Data for this task below:

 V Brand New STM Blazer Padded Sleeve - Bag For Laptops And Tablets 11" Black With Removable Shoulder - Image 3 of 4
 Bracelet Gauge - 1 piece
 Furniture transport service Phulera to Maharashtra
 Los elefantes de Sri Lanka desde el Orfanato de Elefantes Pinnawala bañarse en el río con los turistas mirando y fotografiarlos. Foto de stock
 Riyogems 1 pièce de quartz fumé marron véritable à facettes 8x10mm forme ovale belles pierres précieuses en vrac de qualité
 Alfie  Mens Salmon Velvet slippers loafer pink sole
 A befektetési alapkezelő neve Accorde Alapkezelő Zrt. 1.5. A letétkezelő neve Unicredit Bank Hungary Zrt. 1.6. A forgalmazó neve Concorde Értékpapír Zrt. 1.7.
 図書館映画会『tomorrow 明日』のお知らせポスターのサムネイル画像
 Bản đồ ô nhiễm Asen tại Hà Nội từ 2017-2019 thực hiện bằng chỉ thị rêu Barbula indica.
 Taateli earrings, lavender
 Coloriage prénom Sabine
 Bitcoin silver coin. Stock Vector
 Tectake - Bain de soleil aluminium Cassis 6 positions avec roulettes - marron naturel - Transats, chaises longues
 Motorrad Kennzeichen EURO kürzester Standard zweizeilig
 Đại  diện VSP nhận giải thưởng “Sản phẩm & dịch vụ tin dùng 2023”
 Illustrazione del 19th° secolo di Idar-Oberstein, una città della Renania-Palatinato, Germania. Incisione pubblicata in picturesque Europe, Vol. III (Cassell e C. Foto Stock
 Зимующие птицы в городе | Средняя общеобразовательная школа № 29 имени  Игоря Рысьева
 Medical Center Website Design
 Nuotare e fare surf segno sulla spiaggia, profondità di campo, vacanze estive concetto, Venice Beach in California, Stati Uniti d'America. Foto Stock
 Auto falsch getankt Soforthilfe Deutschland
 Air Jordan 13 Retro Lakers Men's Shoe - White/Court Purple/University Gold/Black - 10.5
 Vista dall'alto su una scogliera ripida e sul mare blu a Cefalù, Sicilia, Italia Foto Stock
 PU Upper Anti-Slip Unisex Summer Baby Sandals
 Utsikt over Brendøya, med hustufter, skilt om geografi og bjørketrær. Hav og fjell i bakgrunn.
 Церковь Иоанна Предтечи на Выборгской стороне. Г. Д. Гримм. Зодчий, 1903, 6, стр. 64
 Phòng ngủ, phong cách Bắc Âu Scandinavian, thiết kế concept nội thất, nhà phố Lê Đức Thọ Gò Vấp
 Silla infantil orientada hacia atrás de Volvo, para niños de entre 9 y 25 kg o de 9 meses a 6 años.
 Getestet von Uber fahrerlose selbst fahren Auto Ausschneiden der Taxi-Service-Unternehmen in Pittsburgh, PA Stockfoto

End of Data for this task.

Using the data above, reproduce exactly the lines from the line that contains "Tectake - Bain" through the line that contains "Silla infantil orientada", including both.

 Tectake - Bain de soleil aluminium Cassis 6 positions avec roulettes - marron naturel - Transats, chaises longues
 Motorrad Kennzeichen EURO kürzester Standard zweizeilig
 Đại  diện VSP nhận giải thưởng “Sản phẩm & dịch vụ tin dùng 2023”
 Illustrazione del 19th° secolo di Idar-Oberstein, una città della Renania-Palatinato, Germania. Incisione pubblicata in picturesque Europe, Vol. III (Cassell e C. Foto Stock
 Зимующие птицы в городе | Средняя общеобразовательная школа № 29 имени  Игоря Рысьева
 Medical Center Website Design
 Nuotare e fare surf segno sulla spiaggia, profondità di campo, vacanze estive concetto, Venice Beach in California, Stati Uniti d'America. Foto Stock
 Auto falsch getankt Soforthilfe Deutschland
 Air Jordan 13 Retro Lakers Men's Shoe - White/Court Purple/University Gold/Black - 10.5
 Vista dall'alto su una scogliera ripida e sul mare blu a Cefalù, Sicilia, Italia Foto Stock
 PU Upper Anti-Slip Unisex Summer Baby Sandals
 Utsikt over Brendøya, med hustufter, skilt om geografi og bjørketrær. Hav og fjell i bakgrunn.
 Церковь Иоанна Предтечи на Выборгской стороне. Г. Д. Гримм. Зодчий, 1903, 6, стр. 64
 Phòng ngủ, phong cách Bắc Âu Scandinavian, thiết kế concept nội thất, nhà phố Lê Đức Thọ Gò Vấp
 Silla infantil orientada hacia atrás de Volvo, para niños de entre 9 y 25 kg o de 9 meses a 6 años.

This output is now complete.